Abstract

BACKGROUND: In high TB burden countries, delayed diagnosis remains a big challenge in TB control. The objective of this study is to assess the role of distance between residence and healthcare facility (HCF) on care-seeking among individuals with symptoms associated with pulmonary TB in Tanzania.METHODS: In this cross-sectional study, using data from a national TB survey, coordinates of 300 (residential) sites within 62 clusters were obtained through Google searches and average distances to HCF were calculated per cluster. Univariable and multivariable logistic regression analyses were conducted, with care-seeking behaviour being the primary outcome variable.RESULTS: Distance from residence to HCF had no effect on care-seeking behaviour of individuals with TB-related symptoms in this study (OR 1.00, 95% CI 1.00-1.00).

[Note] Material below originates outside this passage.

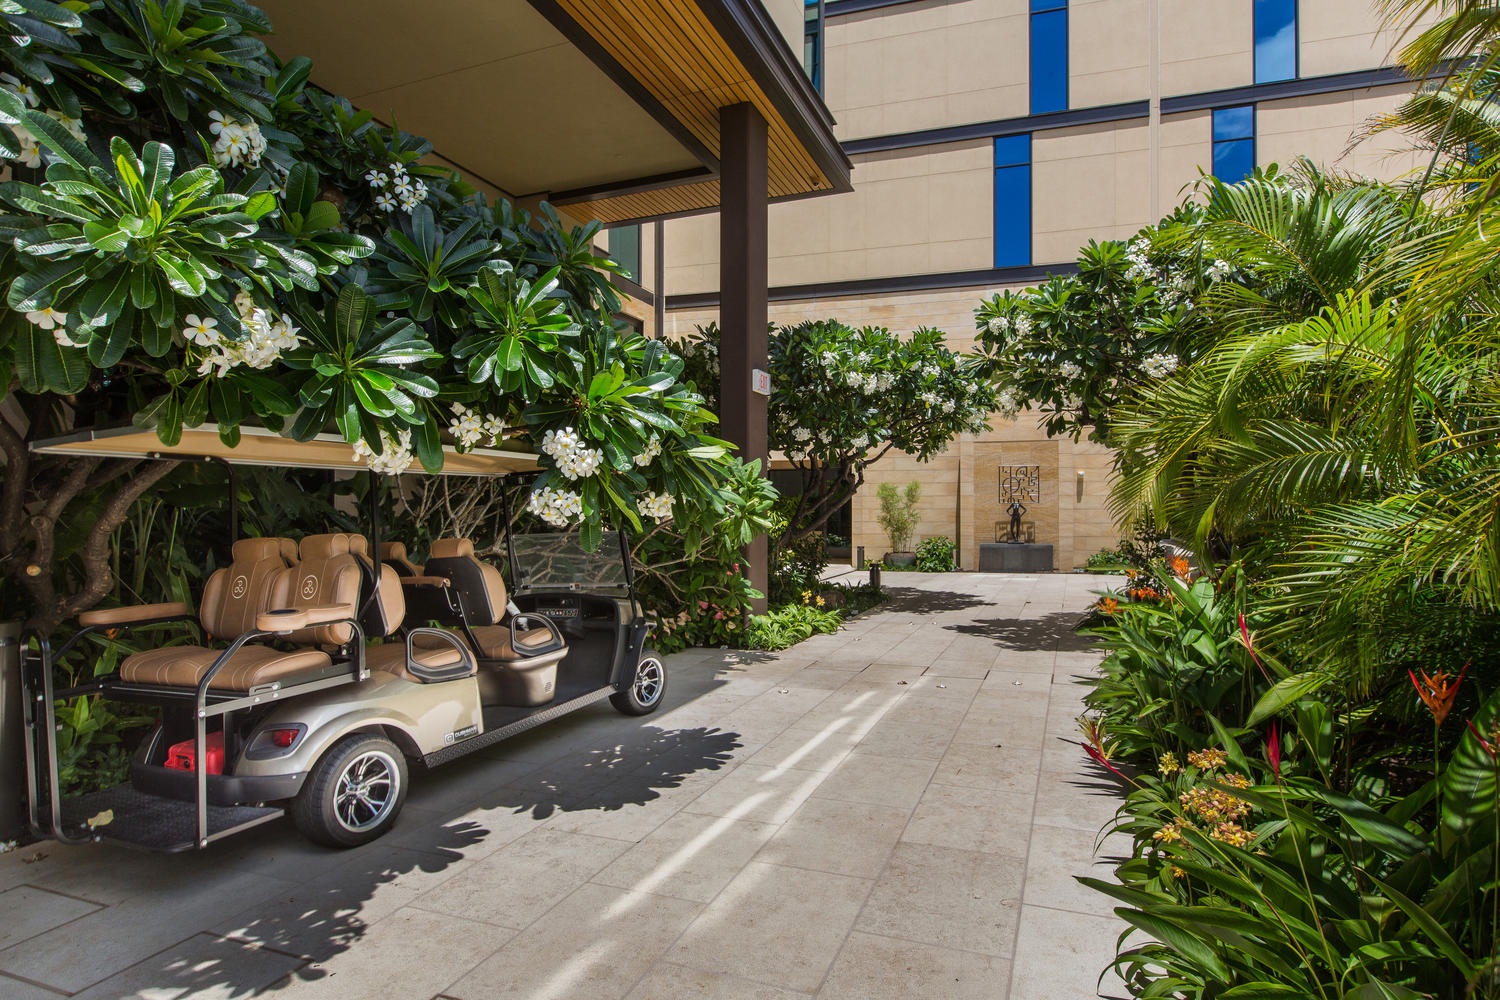 Honolulu Vacation Rentals, Park Lane Sky Resort - Golf cart amenity use for residents

Over 85% of HCFs where care has been sought lack TB diagnostic capacity, mostly comprising dispensaries with staff less educated in TB-related symptoms.CONCLUSION: Care-seeking behaviour among individuals with TB-related symptoms in Tanzania was not found to be associated with distance to HCF. First-line diagnostics should be improved 1) by equipping local dispensaries with basic TB diagnostic capacity, and 2) by educating staff of local dispensaries more thoroughly about basic TB symptoms and the importance of swift referrals.